The Bf.109E controls tended to heavy up as speed increased, demanding more physical effort than its British contemporaries. The absence of a trimmer necessitated continuous application of rudder at high speeds, and it suffered an incipient swing during takeoff and landing. A big advantage was its direct fuel injection.
 
Also licence built by Fiesler.

 

The Bf 109G or Gustav was first flown as a type in 1944, with the G-10 having an enlarged supercharger to enable it to be used as a high altitude fighter in defence of the Reich. With a service ceiling of 41,000 feet, the Gustav G-10 was also the fastest of the series with 426 mph at 24,000 feet. Armament was one 30mm cannon and two 13mm machine guns, all in the nose. Modified around the 1475 hp DB605 engine, the Gustav also introduced cockpit pressurisation, crucial from late 1942 onwards as the fighter Gruppen struggled to repel high altitude USAAF daylight bomber raids. The Bf109 was the most abundantly produced fighter manufac-tured by either side in the 1939-45 war. When German production stopped, the G series of the Bf 109 was produced in far greater numbers than any other model, 21,000 being completed by the end of 1944. This machine had two MG 131 machine guns, a single 30-mm MK 108 cannon firing through the spinner, and sometimes carried two underwing MG 151/20 weapons.

 

 

Bf 109G-6



Postwar Spain continued licence manufacture of the Gustav as the Merlin engined Hispano 1112M Buchon.

A significant quantity of Bf 109G-1s and -G2s were assembled by IAR at Brasov from main parts supplied by the Germans. These fighters received white serial numbers on their fin in the 'White' 200 series. The next sub-version assembled at IAR was the Ga-4, a total of 15 being finished up to the factory being dispersed in the summer of 1944 due to Allied bombings. The first one was rolled out in April 1944. The Ga-6 was the next sub-version to be manufactured at IAR--Brasov. The first one, 'Black' 316, was test flown only in early February 1945. Nevertheless, none of the IAR-manufactured Bf 109Ga-6s saw action during World War Two.
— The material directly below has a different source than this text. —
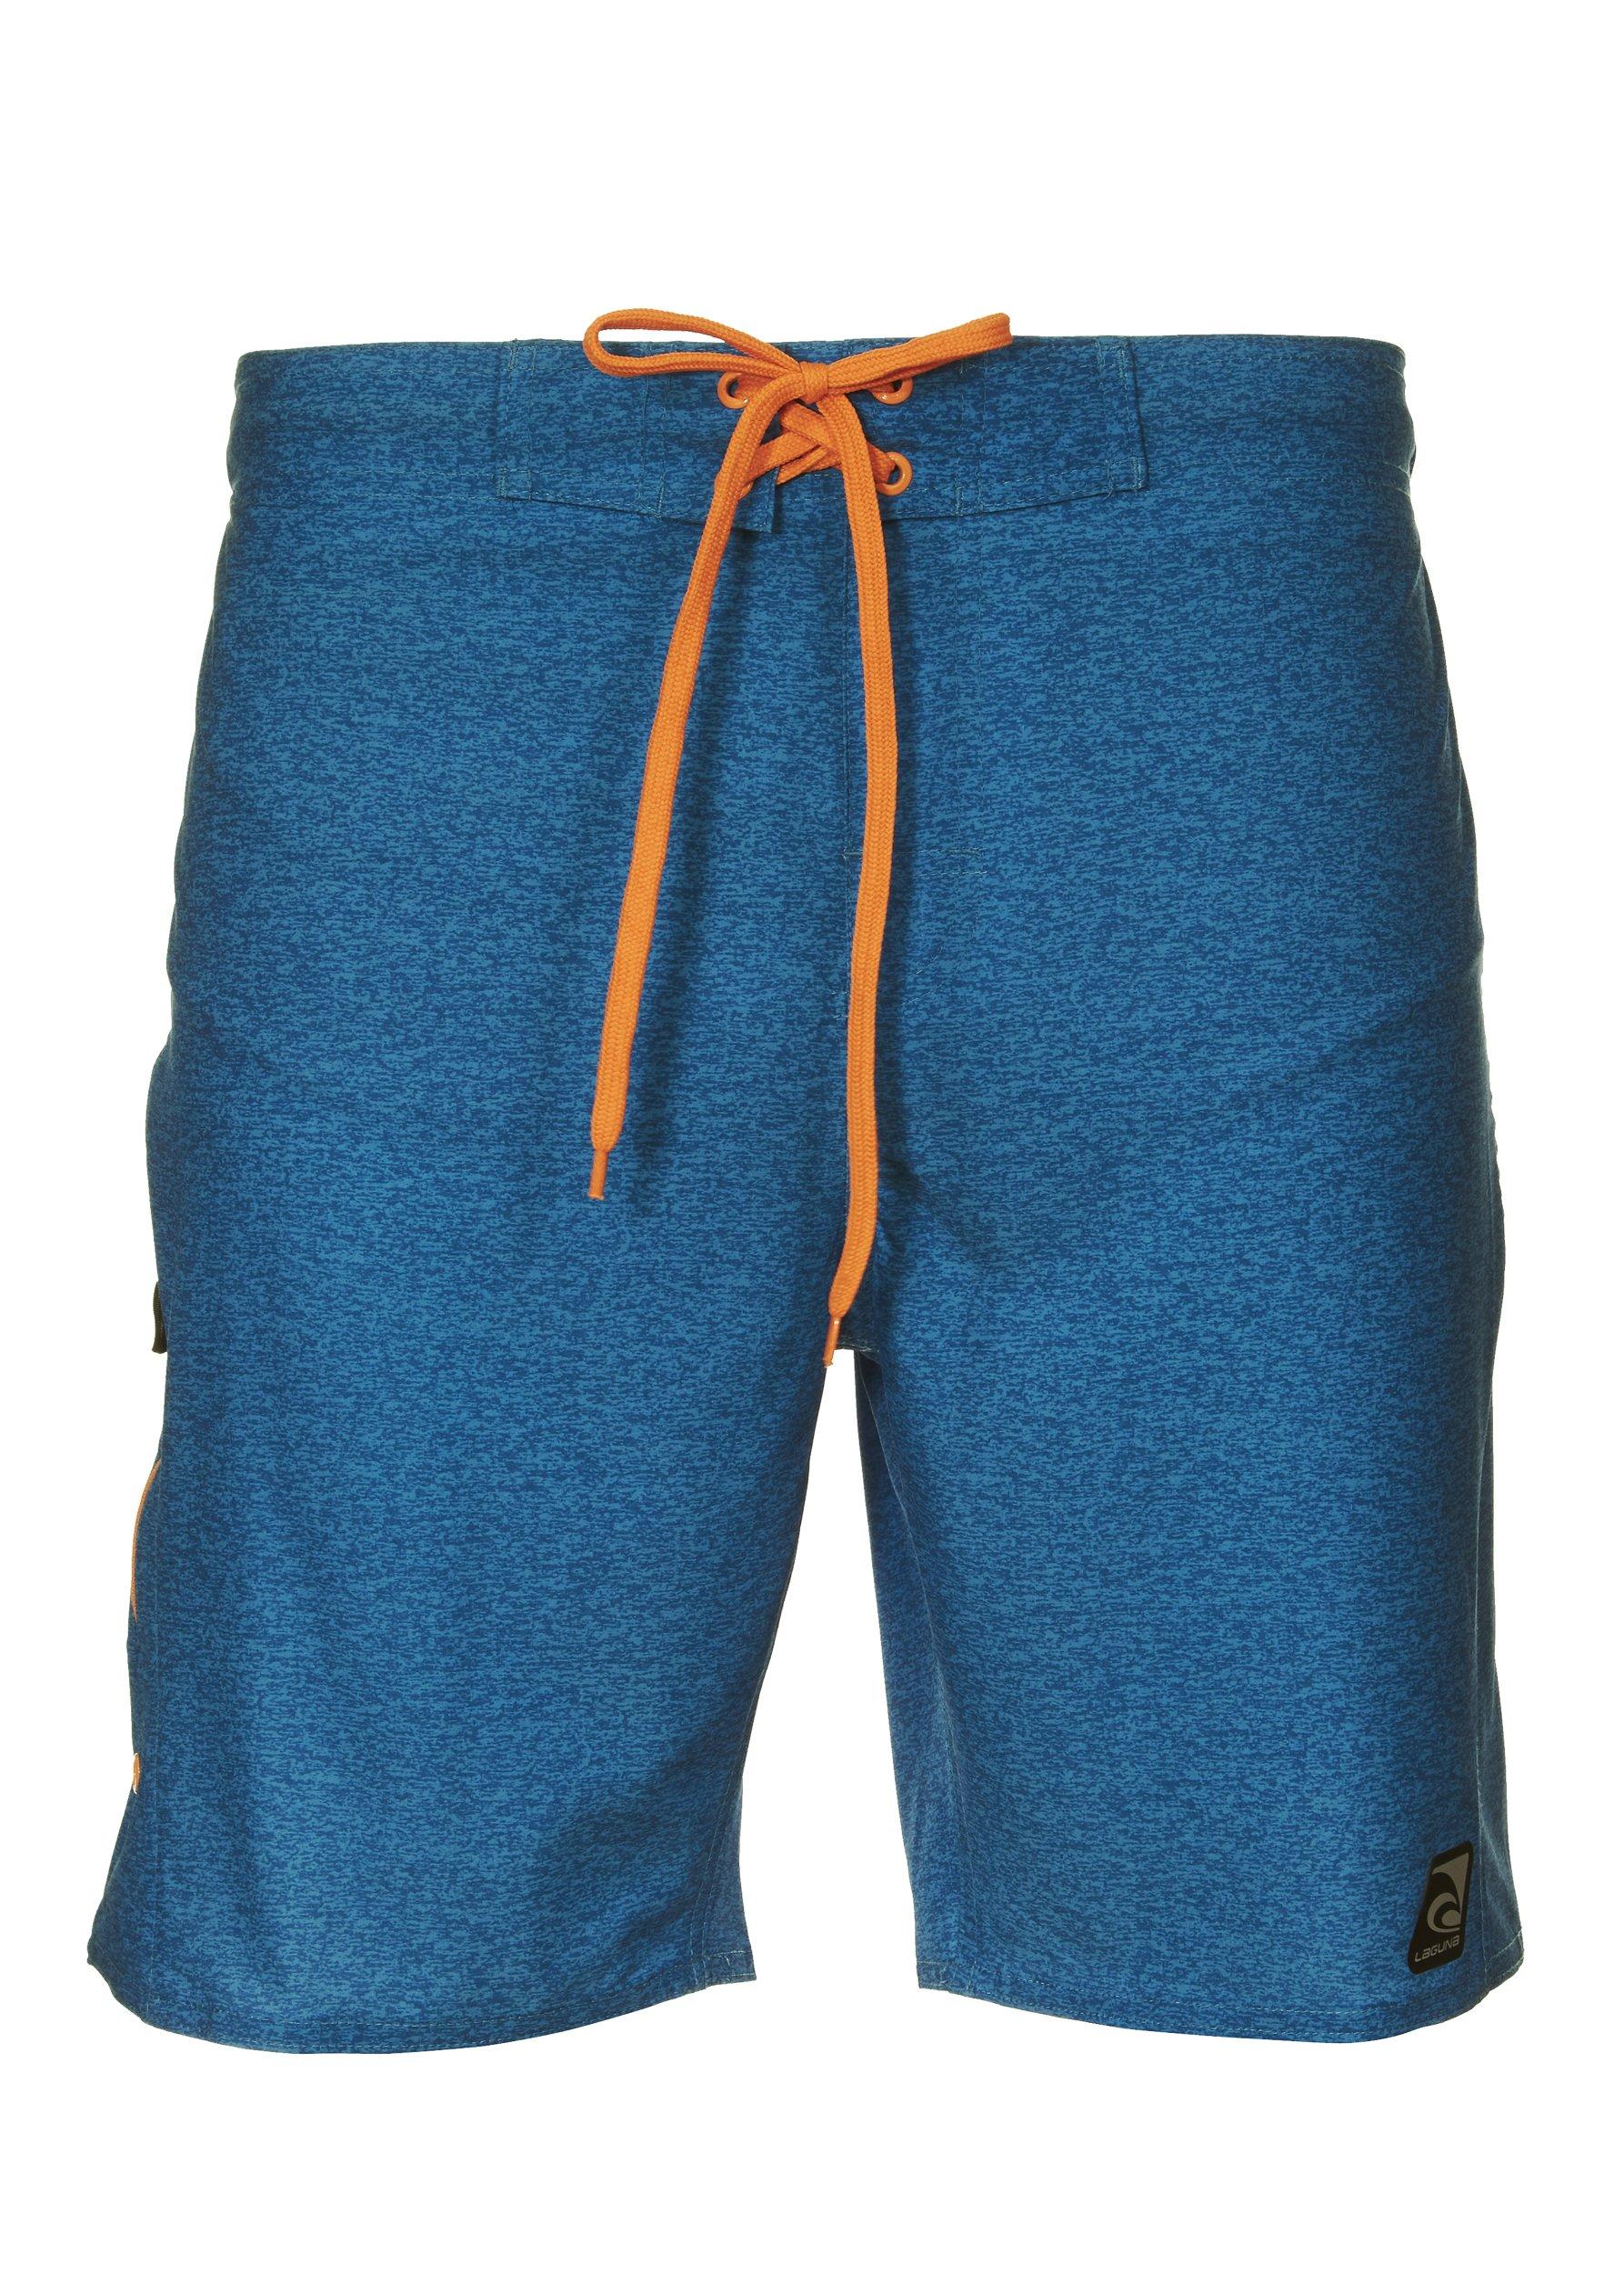 Laguna Mens Stretch Boardshort Swim Trunks Bathing Suits Blue/Heather X-Large

The mainstay of the Luftwaffe’s fighter arm, over 30,000 were built of the Gustav variant alone between 1941 and 1945. It has been estimated that about 35,000 Bf/Me 109 were built between 1937 and 1945.

Last versions to see limited use were the increased-span Bf 109H and a refined version of the Bf 109G, designated Bf 109K. And right at the end of the war final German deliveries amounted to 19 examples of the Bf 109K-4 with more power and armament as well as a pressurised cockpit.

Production of the Bf 109 continued in Czechoslovakia and Spain during early post-war years, and some Czech-built S-99 were used in a training role until 1957.

Nazi Germany saw the Spanish Civil War as an ideal conflict in which to test its renascent forces and their new weapons, and therefore supported the ideologically allied Nationalists with small but high-quality forces. The air component was the Legion Condor, which began to arrive in November 1936 and included as its fighter element Jagdgruppe 88, initially comprising three Staffeln with He 518 biplanes. In January 1937 three Bf 109B prototypes were trialled in Spain, their success prompting the despatch from March 1937 of the first 24 of an eventual 45 Bf 109B-2s for service with 1. and 2.J/88 as well as the Nationalists’ 5-G-5. This immature fighter proved generally superior to all its opponents, and Bf 109s notched up J/88’s 100th ‘kill’ in January 1938, more than tripling this score by the time the Germans pulled out of the war in March 1939 after gaining invaluable tactical experience.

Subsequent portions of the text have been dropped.